* _Directions for this task_
Copy the data exactly. Images are to be left out.

* _Information shown_
----------------

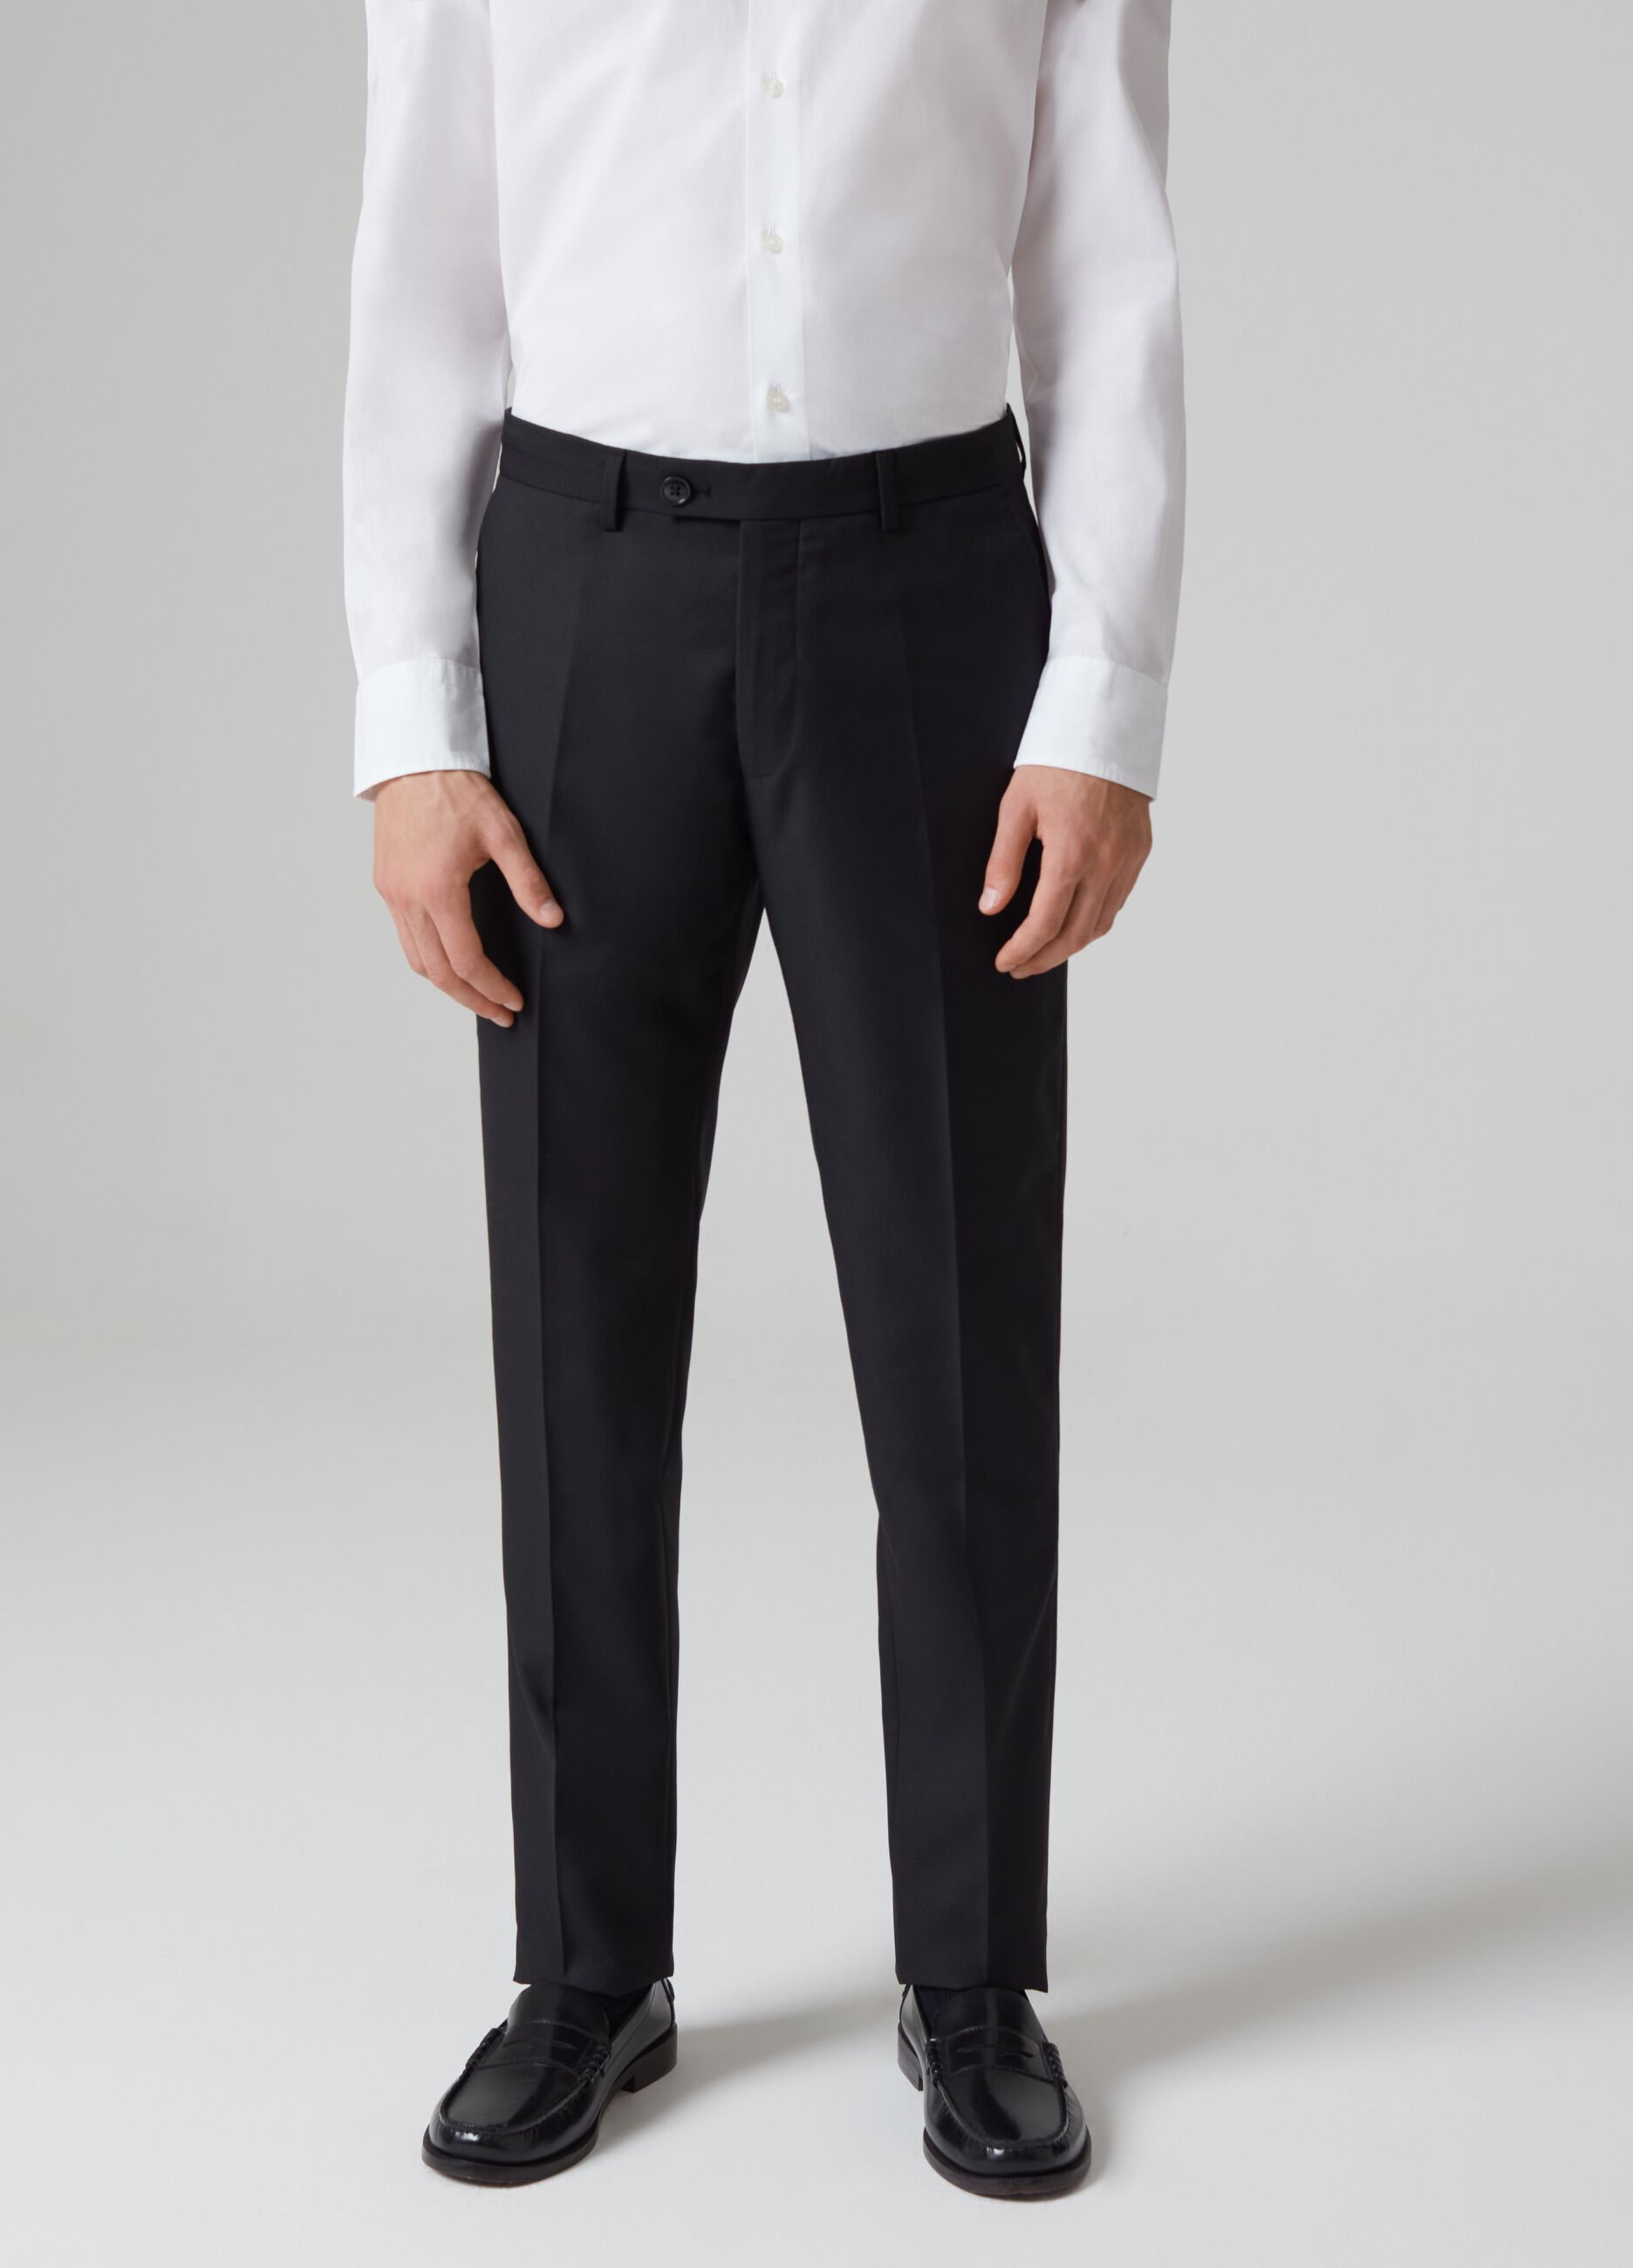 Buy SweatyRocks Women's Elegant High Waist Solid Long Pants Office Trousers  Khaki S at Amazon.in
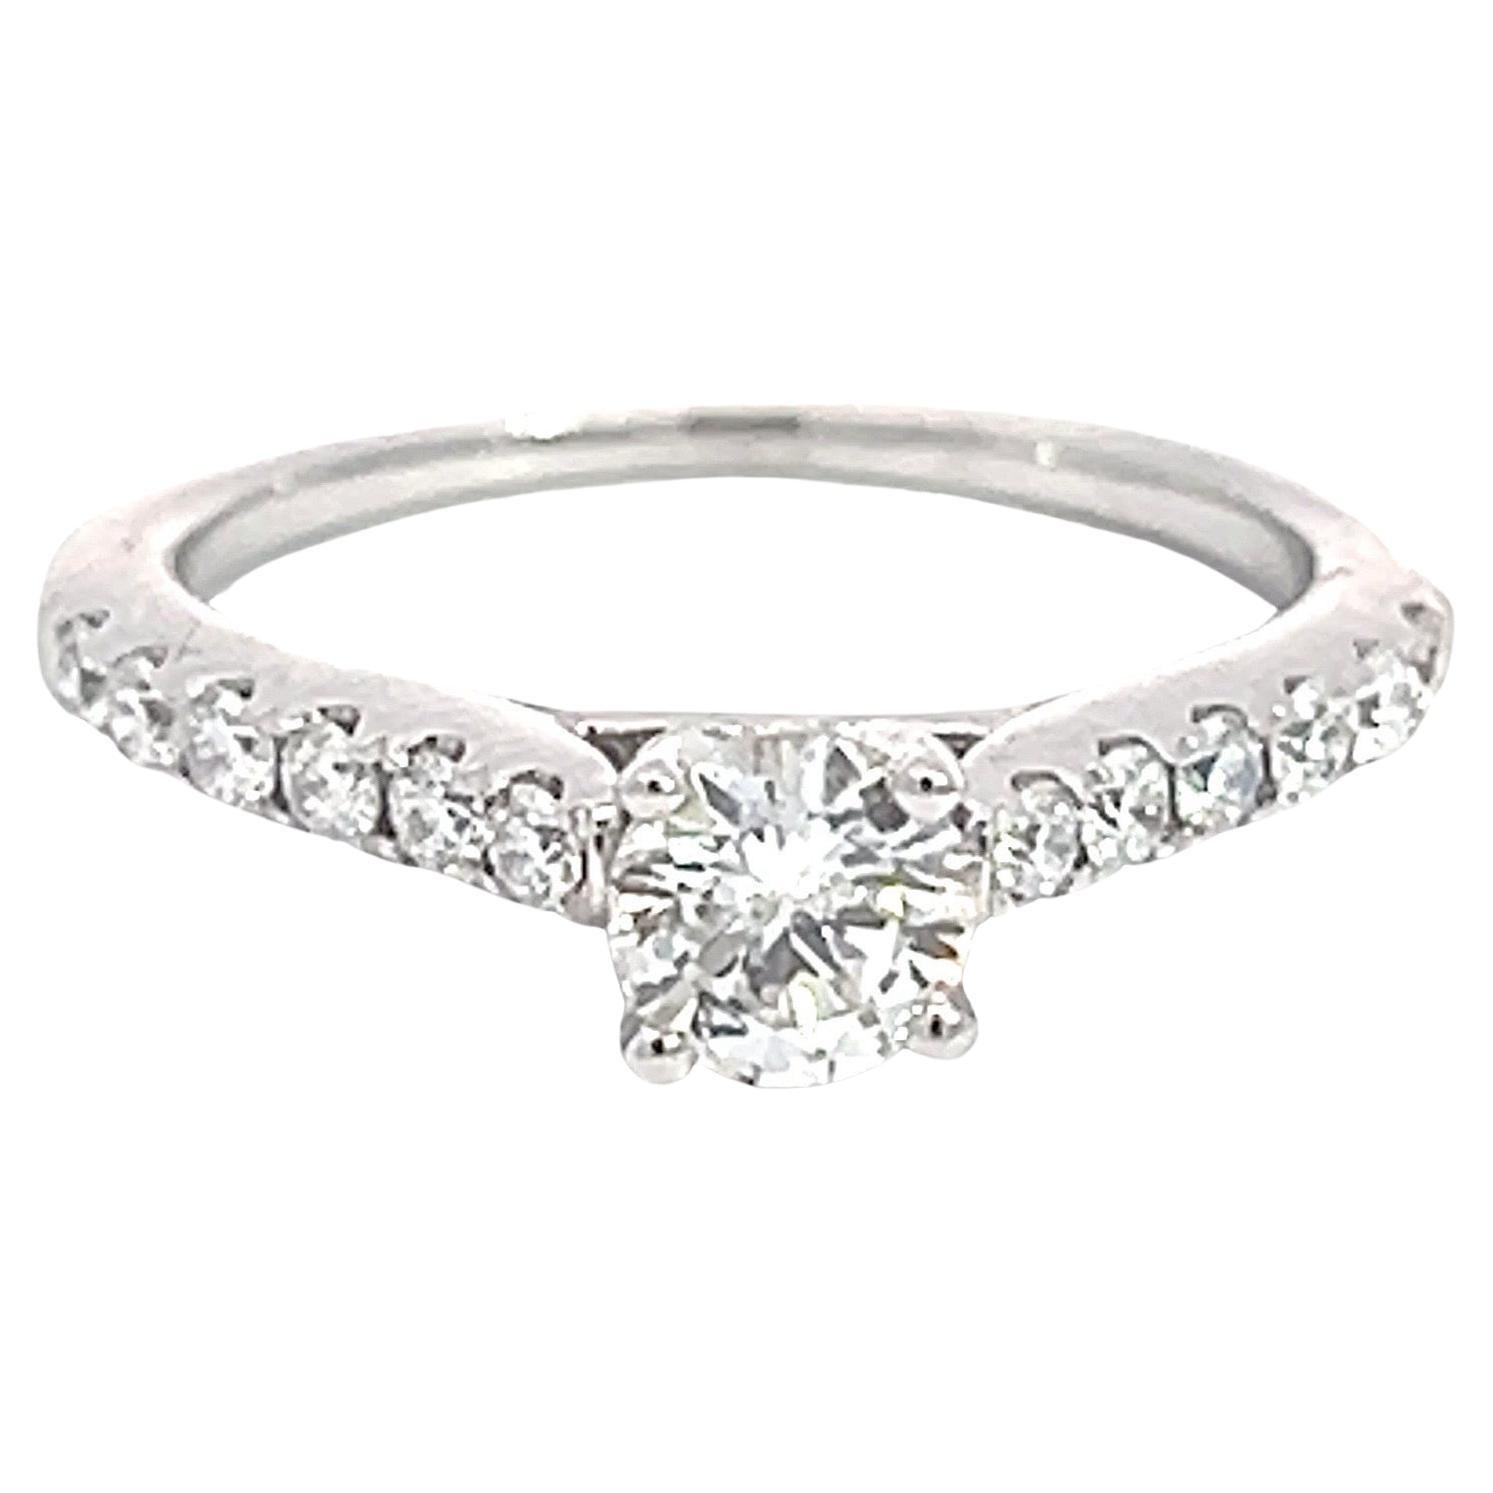 Solitaire Diamond Engagement Ring, 14k White Gold Natural Full Cut Diamonds 0.82
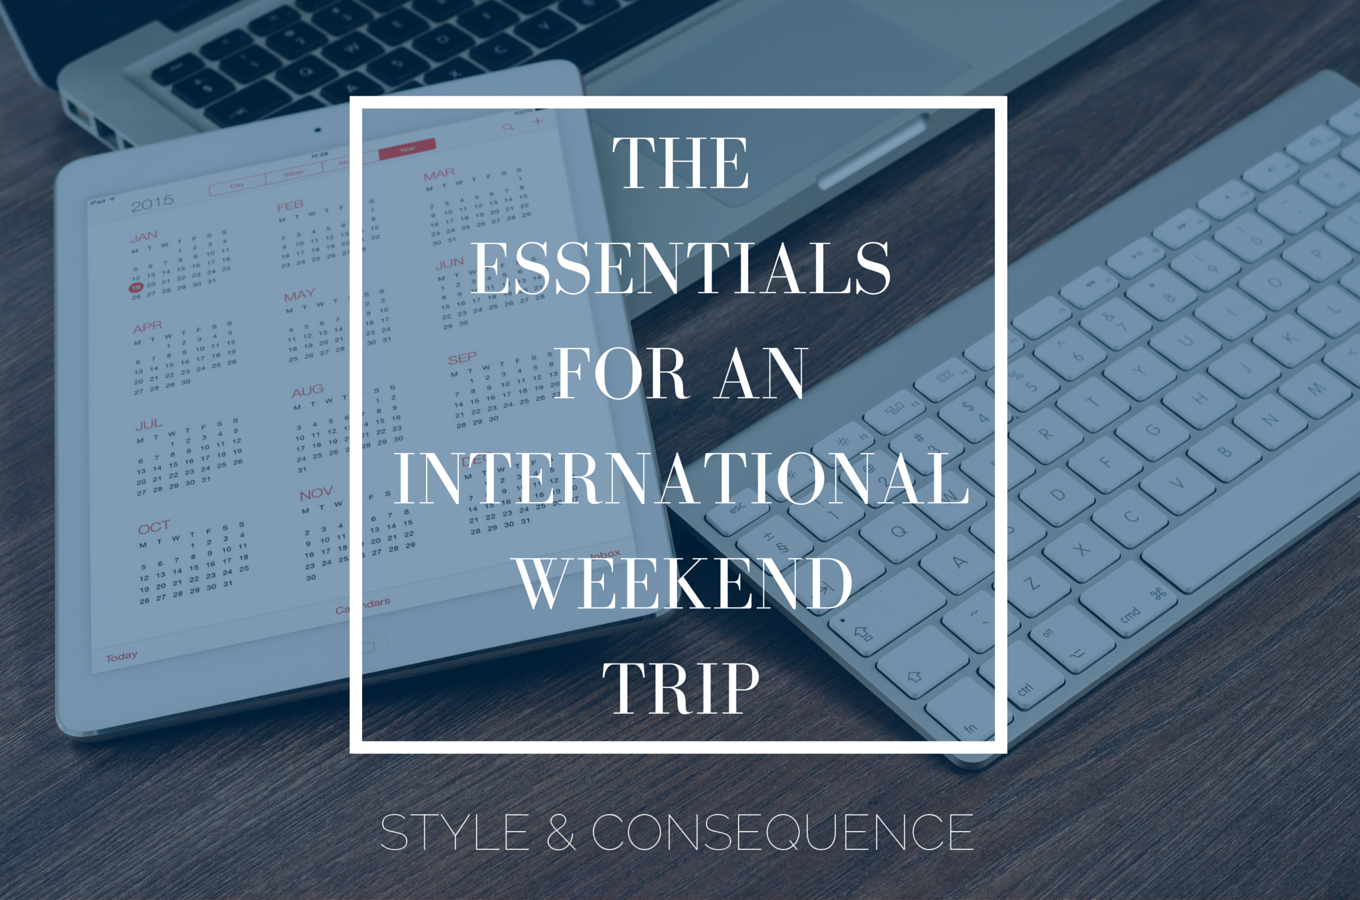 THE ESSENTIALS FOR AN INTERNATIONAL WEEKEND TRIP

----------------

* _Result of the exercise_
 Buy SweatyRocks Women's Elegant High Waist Solid Long Pants Office Trousers  Khaki S at Amazon.in
 Solitaire Diamond Engagement Ring, 14k White Gold Natural Full Cut Diamonds 0.82
 THE ESSENTIALS FOR AN INTERNATIONAL WEEKEND TRIP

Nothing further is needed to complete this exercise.